Kadınlar yardım etti, orada savaş dindi.
Oğuz bu bölgeleri, "Kıpçak-Beğ" e il verdi,
Bunun için Türkler de, oraya "Kıpçak" derdi.Gerçi, bu efsane idi. Fakat içinde tarih olayları da yatmaktaydı. Öyle anlaşılıyor ki, bu bölgedeki güzel kadınları Türkler almışlar ve onlardan da, yeni bir nesil meydana getirmişlerdi. Belik Kıpçağın annesi de, güzel bir İt-Barak kadınından başka bir kimse değildi. Sonradan Kıpçak, Oğuz-Kağan tarafından bu bölgelere tayin edilmiş ve kuzey ülkeleri, hep onun soyları tarafında idare edilmişti. "Kıpçak'lar da Türkçe konuşuyorlar ve Türk kültürüne sahip idiler". Fakat Oğuz destanı, Kıpçağı Oğuz-Han'ın soyundan değil, nihayet askerlerinden birisinin neslinden getiriyordu. Kıpçak kuzeylere gitmiş, orada soyları türemiş ve yerlilerle karışarak, yeni akraba. Bir Türk kavmi meydana getirmişti.
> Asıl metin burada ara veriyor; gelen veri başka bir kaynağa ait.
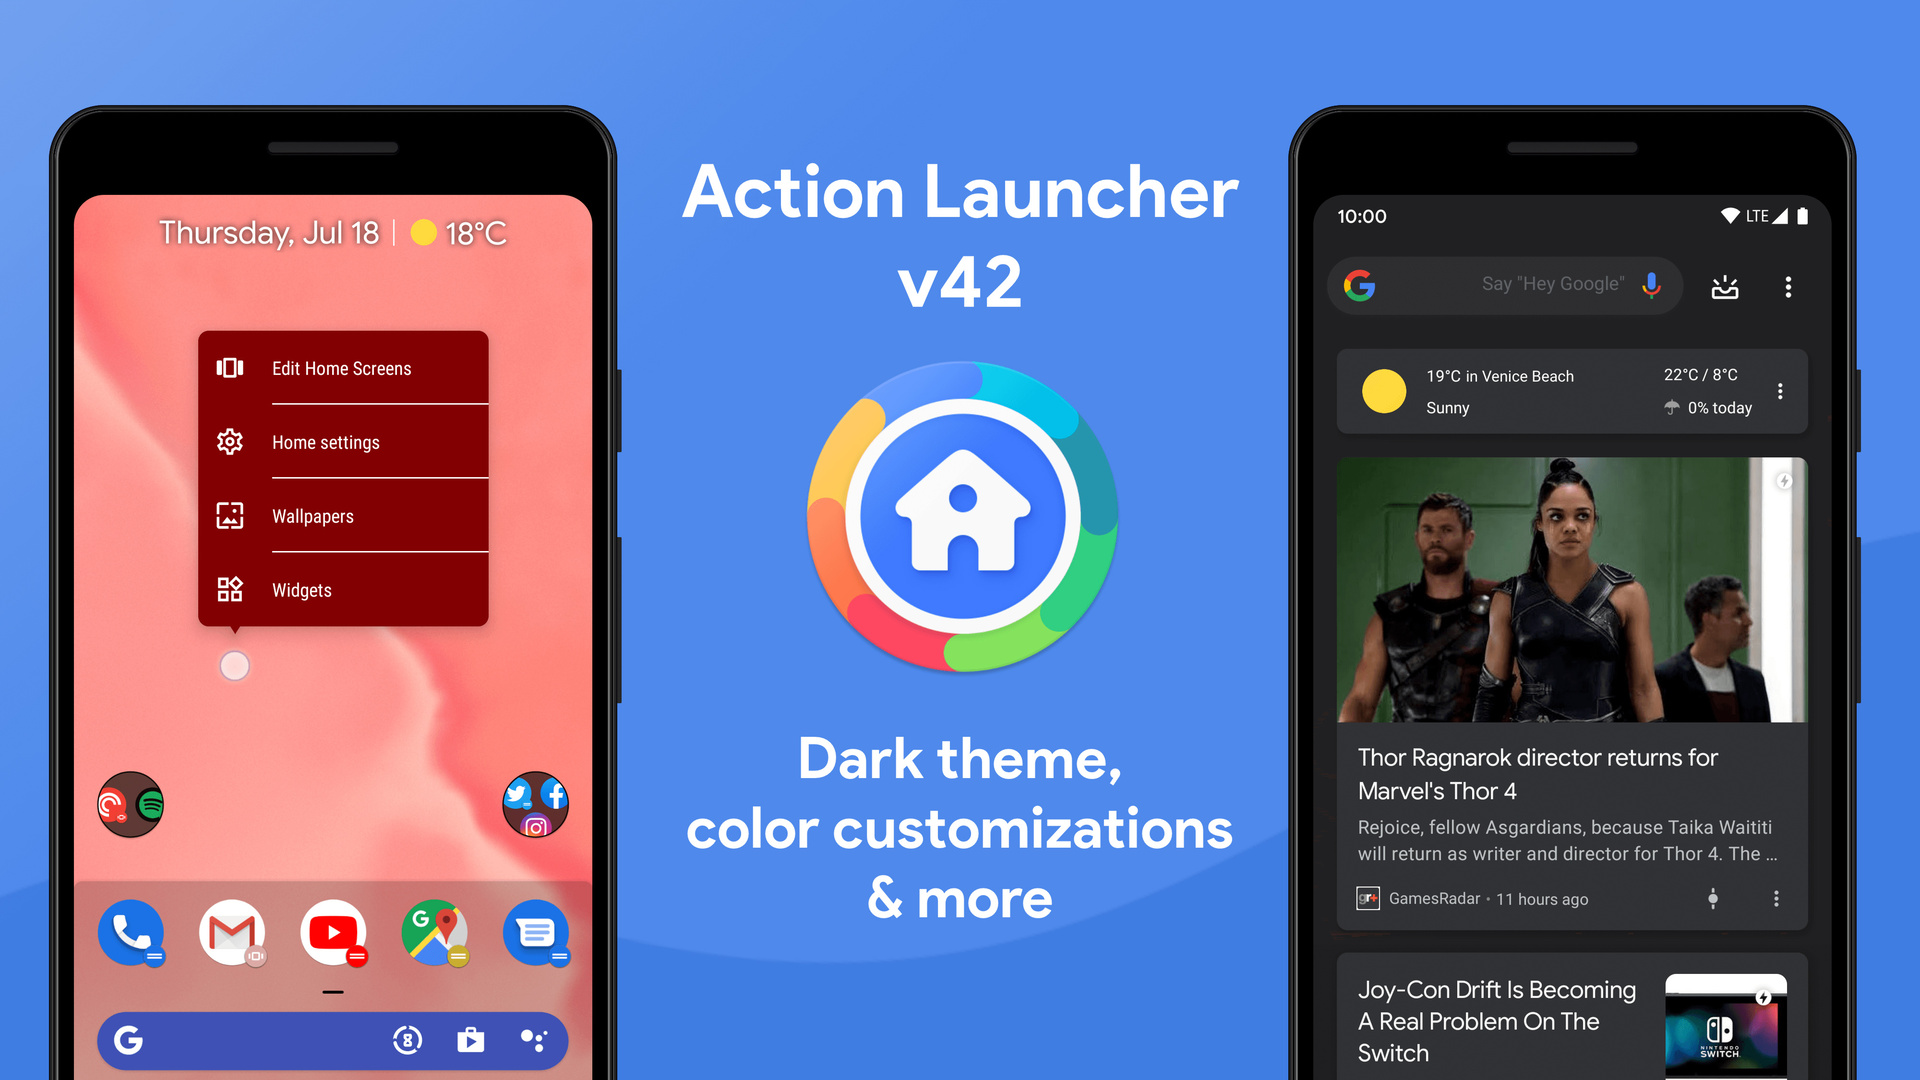 Image of Action Launcher version 42

AVRUPA VE HİNT MİTOLOJİSİNDE KÖPEK BAŞLI İNSANLAR

Köpek başlı insanlara Avrupa ve Hint mitolojilerinde de rastlanıyordu". Eski Yunan mitolojisinde de, köpek başlı insanlarla ilgili, birçok efsanelere rastlıyoruz. Daha sonraki Avrupa mitoloji de, köpek başlı insanlara, zaman zaman yer vermişti. Avrupalılar, bu köpek başlı kavme, "Borus" adını veriyor ve onların, bugünkü Finlandiya ile Rusya'nın kuzey kısımlarında yaşadıklarını söylüyorlardı. Oğuz-Kağan destanındaki "İt- Barak" lar da aşağı yukarı, aynı bölgelerde idiler. Bu bakımdan, Avrupa ve Yunan Mitolojisi ile Türk Mitolojisi arasında, bir benzerlik ve bir bağ meydana gelmektedir. Köpek başlı insanlar motifi, herhalde Türkler arasına, dışarıdan gelmiş bir efsane olmalı idi. Fakat Türkler, köpeğe önem vermezlerdi. Köpek, Türklere göre, aşağı bir hayvandı, bunun için de Türk Mitolojisi, köpek başlı insanları daima küçük görmüştü. Köpek başlı insanlarla ilgili efsaneleri, Hindistan'da ve güney bölgelerinde de görüyoruz. Hint Mitolojisi zaman zaman, köpeğe daha fazla önem vermişti. Bu sebeple Hindistan'daki köpek başlı insanlar, aşağı bir sınıfı değil; soylu Hintlileri temsil ediyorlardı. Motifin, eski Yunan'da ve Avrupa'da görülmüş olmasına rağmen, Türklerde de bunların benzer şekillerini görmüyor değiliz. Meselâ Doğu Göktürk devletinin önemli bir bölümünü meydana getiren. Tarduş Türklerinin ataları da, "Başı kurt ve vücudu insan olan" bir kimse idi. " Köpek başlı insanlara, Çin efsanelerinde de büyük bir yer verilmişti. Çin'in kuzeyinde ve Mançurya'da oturan bazı kavimler Çinlilere göre köpek başlı idiler. Bu efsaneler Çin'de, çok daha eski çağlarda başlamıştı. Hatta diyebiliriz ki, Çin'in köpek başlı efsaneleri, Yunanistan'daki efsanelere nazaran daha eski idiler". Mançurya'nın kuzeyinde oturan iptidaî Moğollar, köpeğe büyük bir önem verirlerdi. Onlarca köpek, hem kutsal ve hem de kendi milletlerinin atası idi. Bu sebeple Oğuz-Kağan destanına köpek başlı insanlar motifinin, Çin'den mi, yoksa Avrupa'dan mı geldiğini, kolayca kestirmek mümkün olamamaktadır. Cengiz-Han devrinde yazılmış olan Oğuz destanları, daha çok Batı ile ilgileri olan yazarlar tarafından kaleme alınmışlardı. Bu sebeple Oğuz destanlarında köpek başlı insanlar, Kuzey Rusya ile Finlandiya'da gösteriliyorlardı. Elimizde bu konu ile ilgili, daha eski kaynaklarımız maalesef yoktur. Buna rağmen, eski Türk destanlarında, güya Kuzey Mançurya'da yaşayan "Köpek başlı" insanlardan da söz açılıyordu.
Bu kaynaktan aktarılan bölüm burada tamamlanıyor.